A fresh start: the point-count plan for arms reduction

March 9, 1984

Arms negotiations have not made much headway and the arms reduction talks are in recess. Thus it seems a good time to consider an approach that would eliminate extended negotiations over the relative threats posed by various weapons systems. The approach, called the ''point count'' plan for arms reduction, would achieve a progressive reduction in the nuclear arsenals of the superpowers while moving the two sides closer to nuclear parity.

The plan would work according to a principle used by countless parents in dividing desserts between squabbling children: One child slices; the other chooses the slice she wants. Here is how it would work in achieving arms reduction. Each superpower would be allotted an arbitrary number of points, say 1,000, to use in assessing the distribution of the military power of the other side's forces. The United States would judge the relative value of various components of the Soviet nuclear arsenal and assign portions of the 1,000 points to each. The Soviets would do the same for US nuclear forces. Each side would obviously assign the most points to those components of the other's forces it considered most threatening. This sort of evaluation, aided by surveillance satellites and electronic sensing devices, is already being carried out by the intelligence services of both sides.

Each side would then pass its distribution of points to the other to serve as the basis for annual percentage reductions in its nuclear armaments. It is important that this be a percentage reduction - which becomes feasible with the point system - because it cuts more deeply into the arms of the side with a larger arsenal. The difference in the sizes of the two nuclear arsenals would be reduced with each successive cut.

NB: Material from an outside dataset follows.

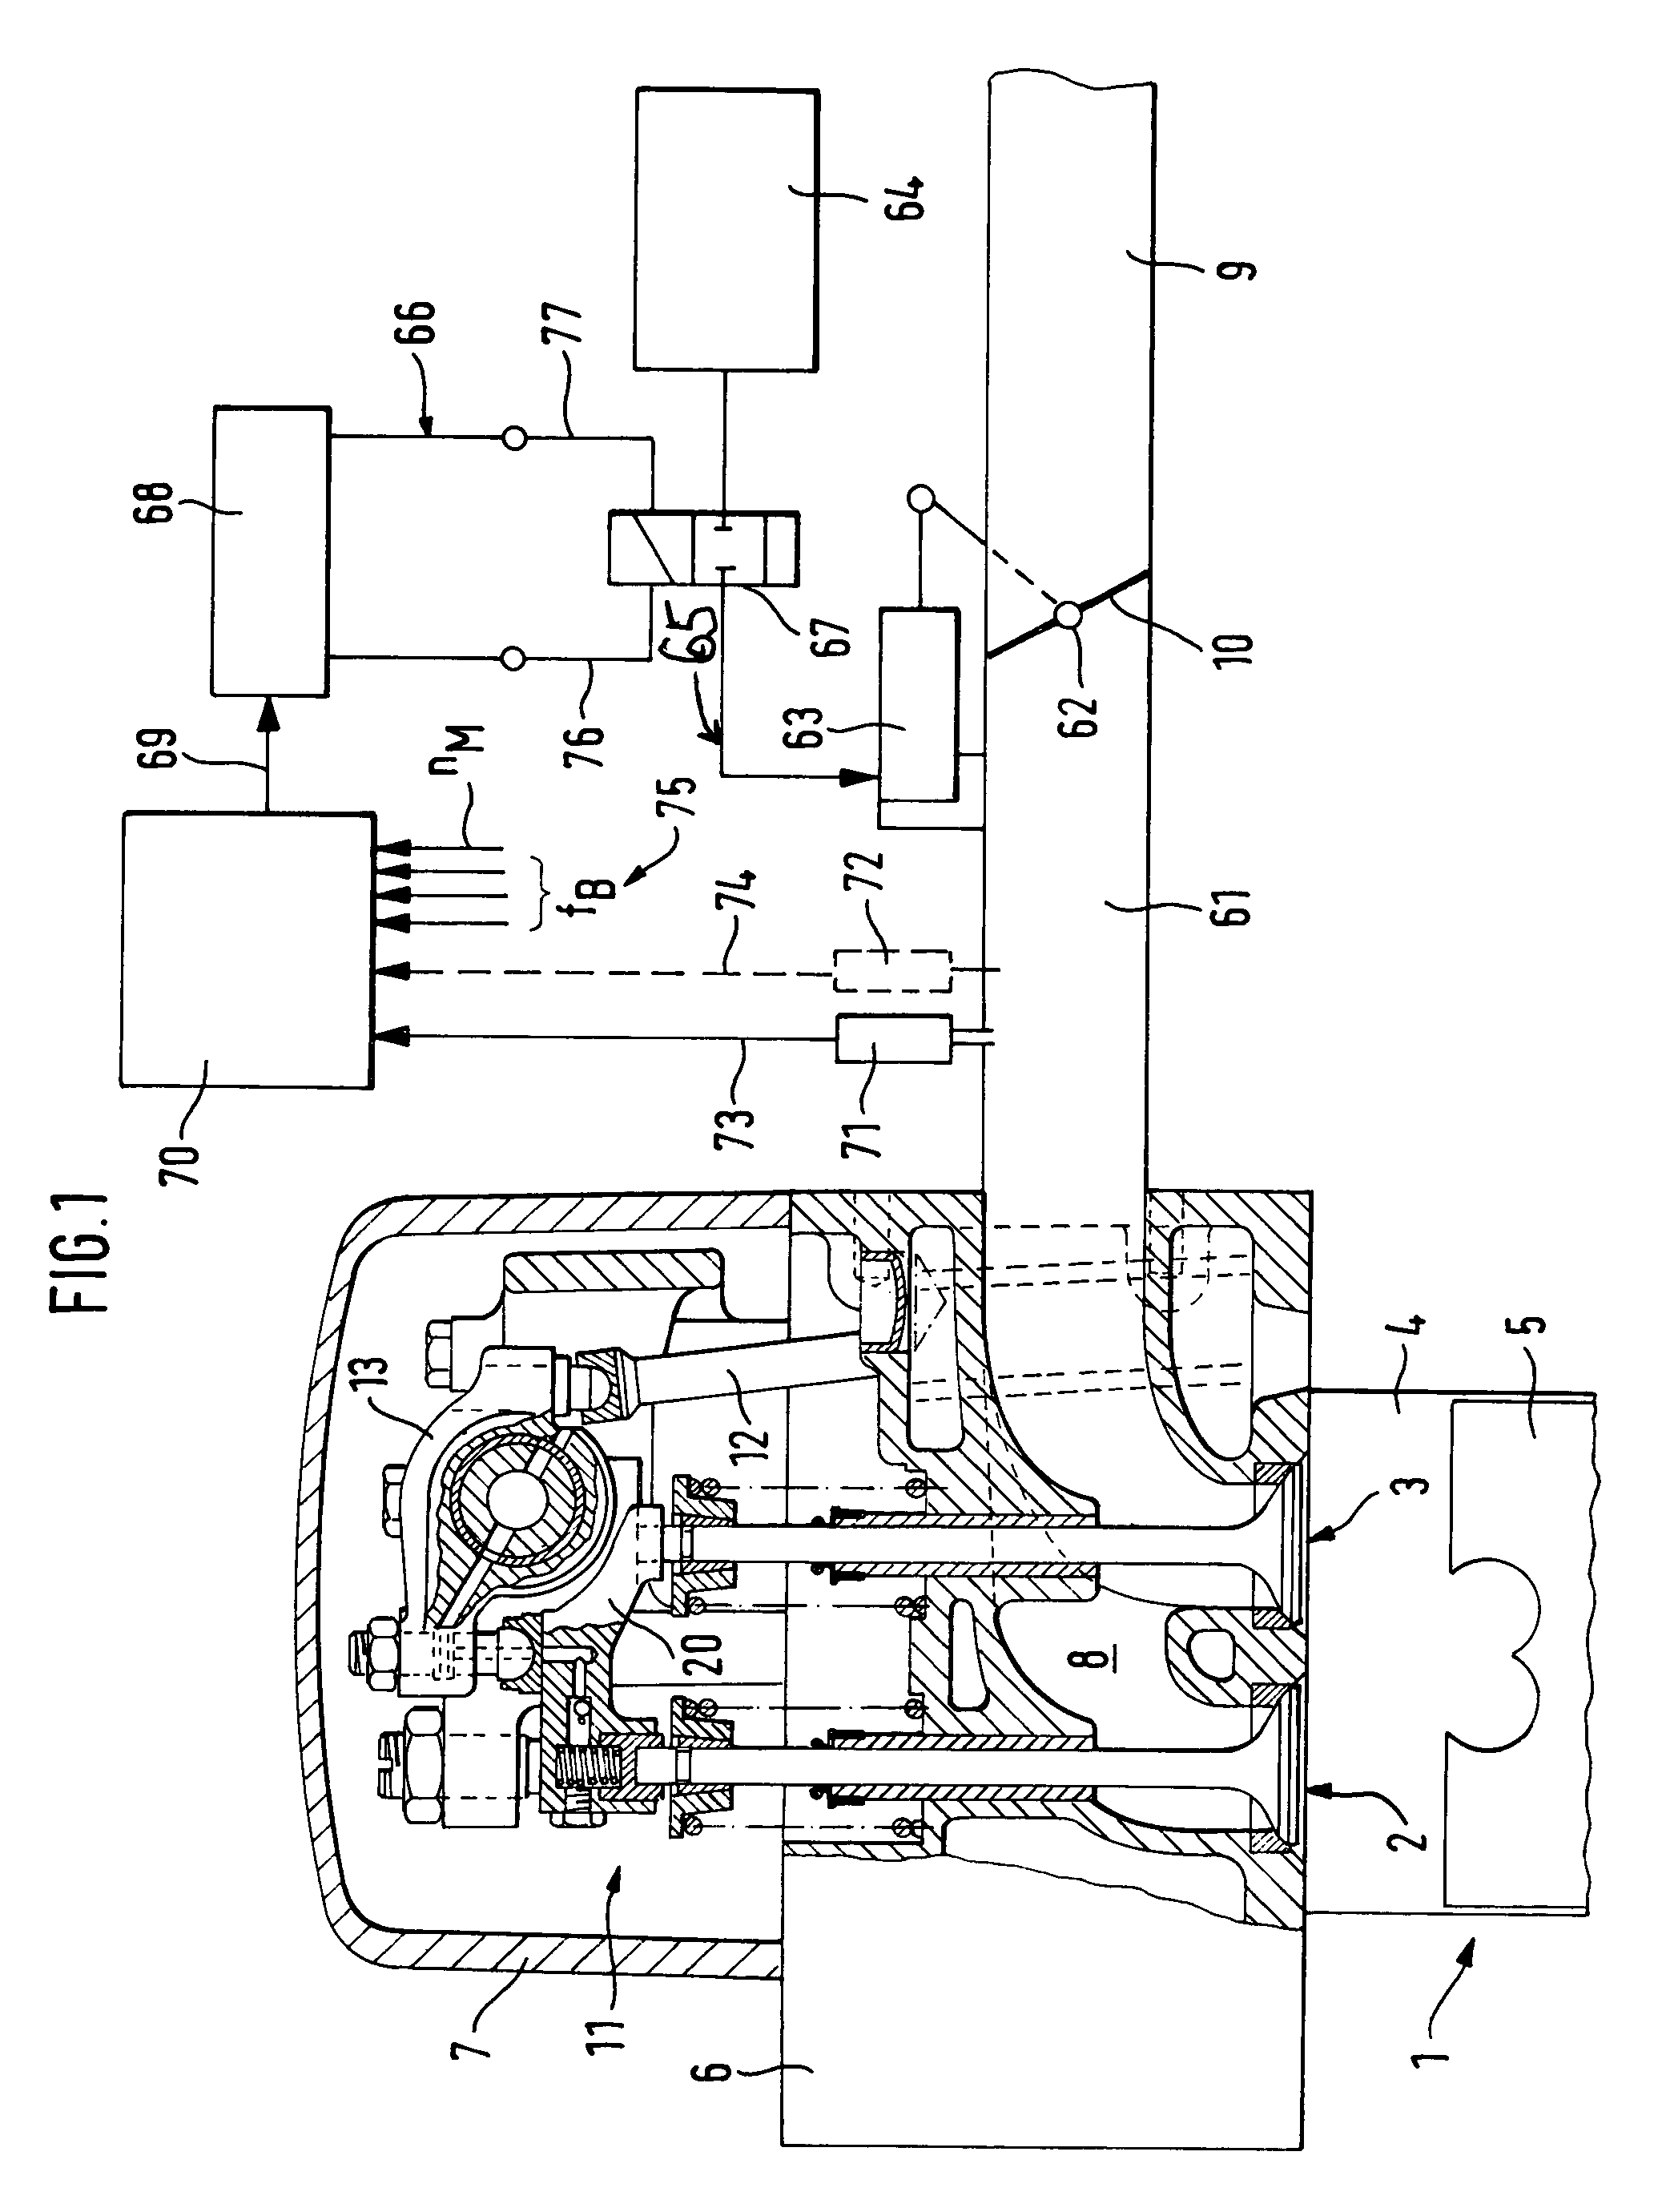 Engine air brake device for a 4-stroke reciprocating piston internal combustion engine

Each state would have complete discretion over which of its weapons to cut, so long as the aggregate reduction met the percentage figure. Assume the annual reduction is 10 percent. Then, each year each side would reduce its arsenal by any mix of weapons it chose where the points assigned by the other side added up to 100. The annual decisions on weapons cuts would be announced simultaneously, so that neither side would have advance notice of the other's plans. For symbolic purposes, the two governments might announce their reductions at the opening session of the UN General Assembly. The disposal of the weapons could be verified by an international agency.

With each successive year there would be a new round of point distributions and percentage reductions of the balance of weapons remaining in the two nuclear arsenals. This would continue until the two sides reached an agreed-upon minimum level.

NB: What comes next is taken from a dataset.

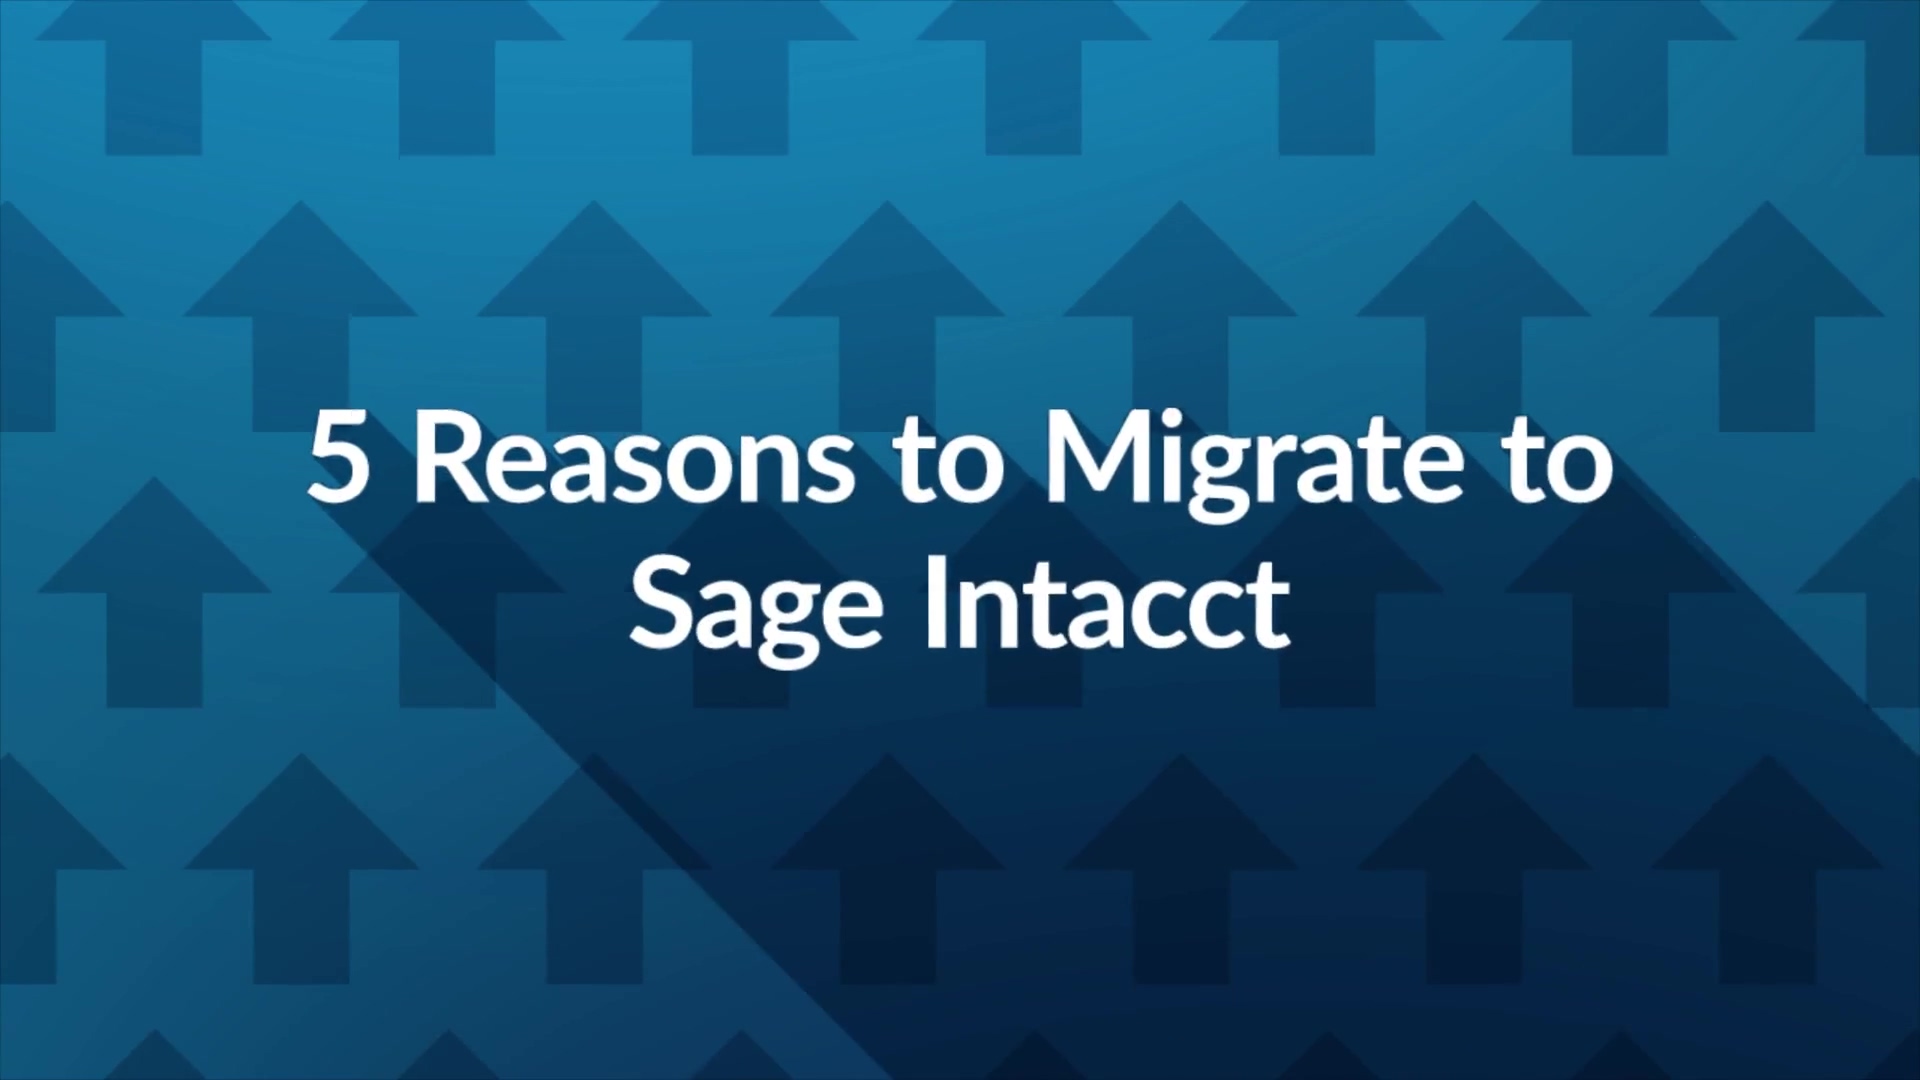 5-reasons-organizations-migrate-to-intacct

The point-count plan, as all other arms reduction proposals, would work most effectively in conjunction with a freeze on the testing and deployment of new weapons. It would make a freeze more palatable to its American critics, since the largest reductions would occur on the side with the largest arsenal. In the absence of a freeze, the point-count plan would not discourage entirely new qualitative developments, but it would encourage the design of weapons less threatening to the other side, to avoid new systems attracting a heavy weighting of points. The Midgetman missiles proposed by the Scowcroft Commission are a good example of the kind of system that would be encouraged. The mobility of the Midgetman would reduce its vulnerability to a Soviet first strike, but more important, the small, single-warhead missiles would pose no first-strike threat to the Soviets.

By allowing each superpower to decide which of the other's weapons pose the greatest threat to it, the plan would avoid endless bargaining between distrustful adversaries over the relative capabilities of various weapons or their intended purposes. By the same token, the system of incremental cuts does not require that both sides believe that parity exists. Since the process would move the two sides toward greater parity, all that is required is that each agree that parity is desirable, a position that both sides have stated many times.

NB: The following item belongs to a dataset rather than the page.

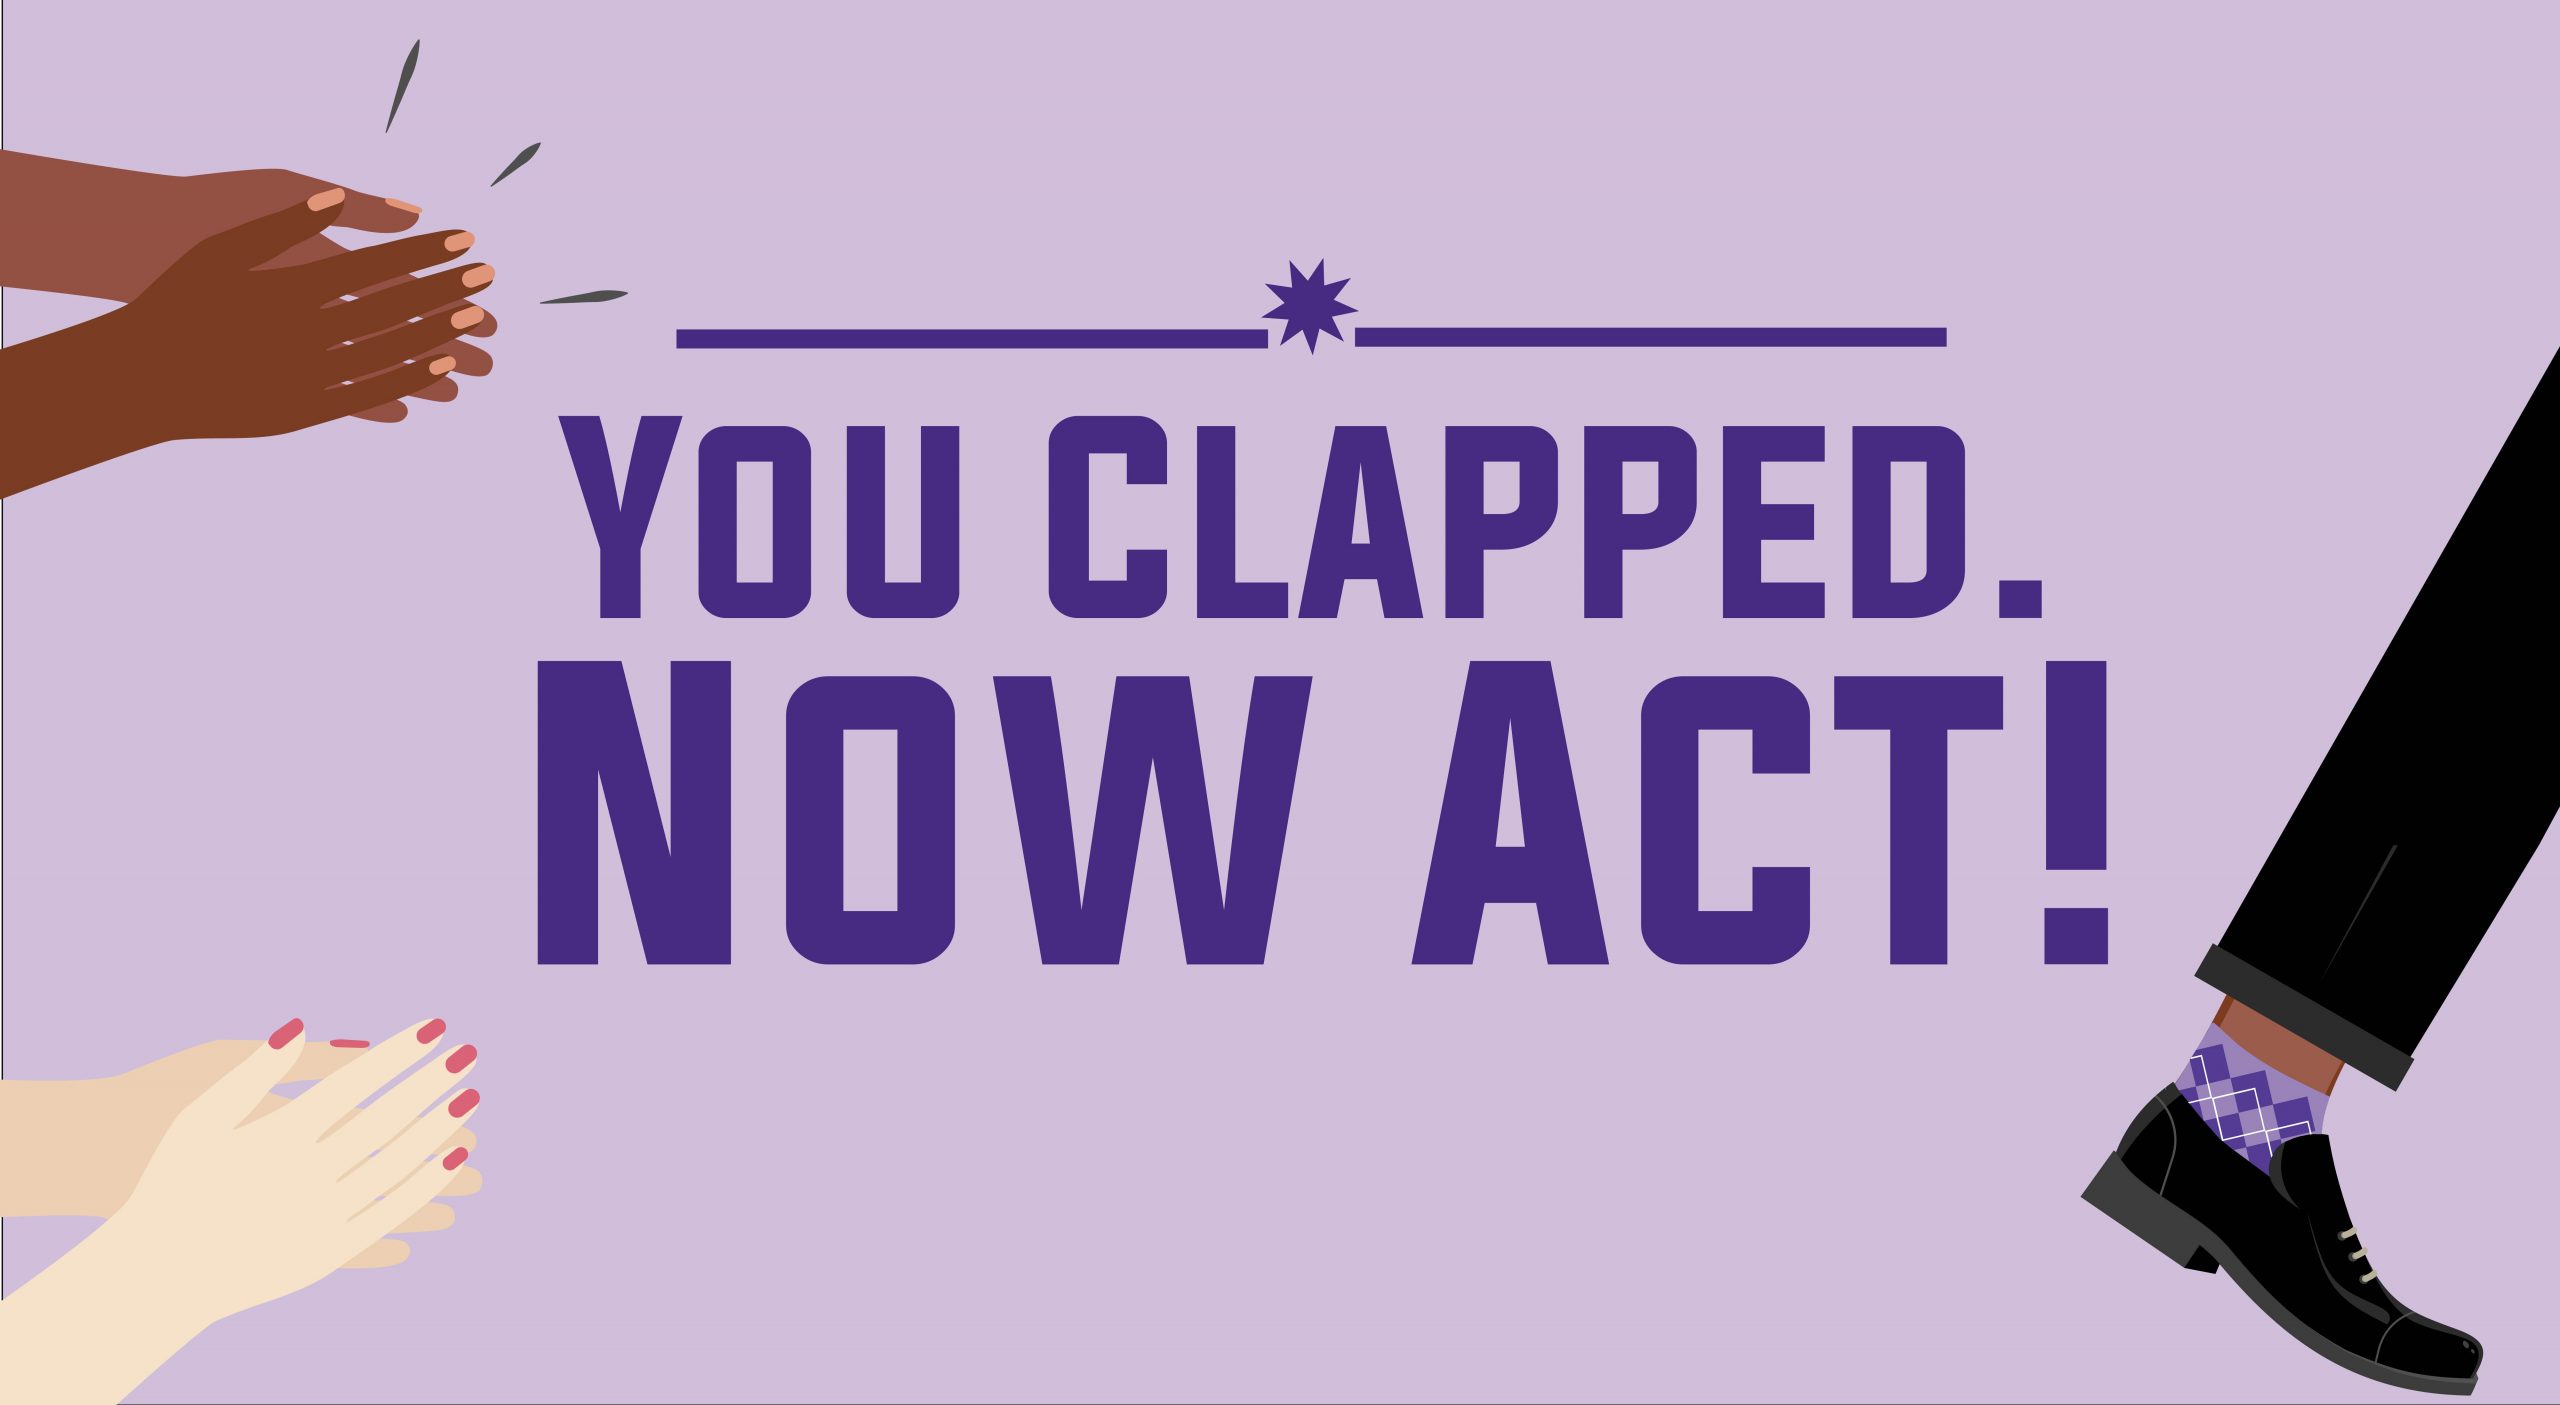 You Clapped. Now Act!

President Reagan has committed himself to attempt to go beyond arms control agreements to ''real arms reductions.'' He has opposed a nuclear weapons freeze on the grounds that the Soviets would never agree to arms reduction once a freeze guaranteed their lead in the arms race. Suppose the President were to test his perception by offering to cut the cake and let the Soviets choose the piece they wanted. If they rejected the offer, the US would lose nothing, and the President's view of Soviet intentions would be more persuasive. On the other hand, if the Soviets accepted the President's offer, we could take a major step toward a safer world.

An improbable scenario? Perhaps. But no more improbable than that depicted in the President's ''Star Wars'' ABM plan. After all, a simple agreement on slicing the cake carries considerably fewer costs and risks than attempting to devise a new technology to shoot down the flying silverware when the dinner table cold war becomes hot.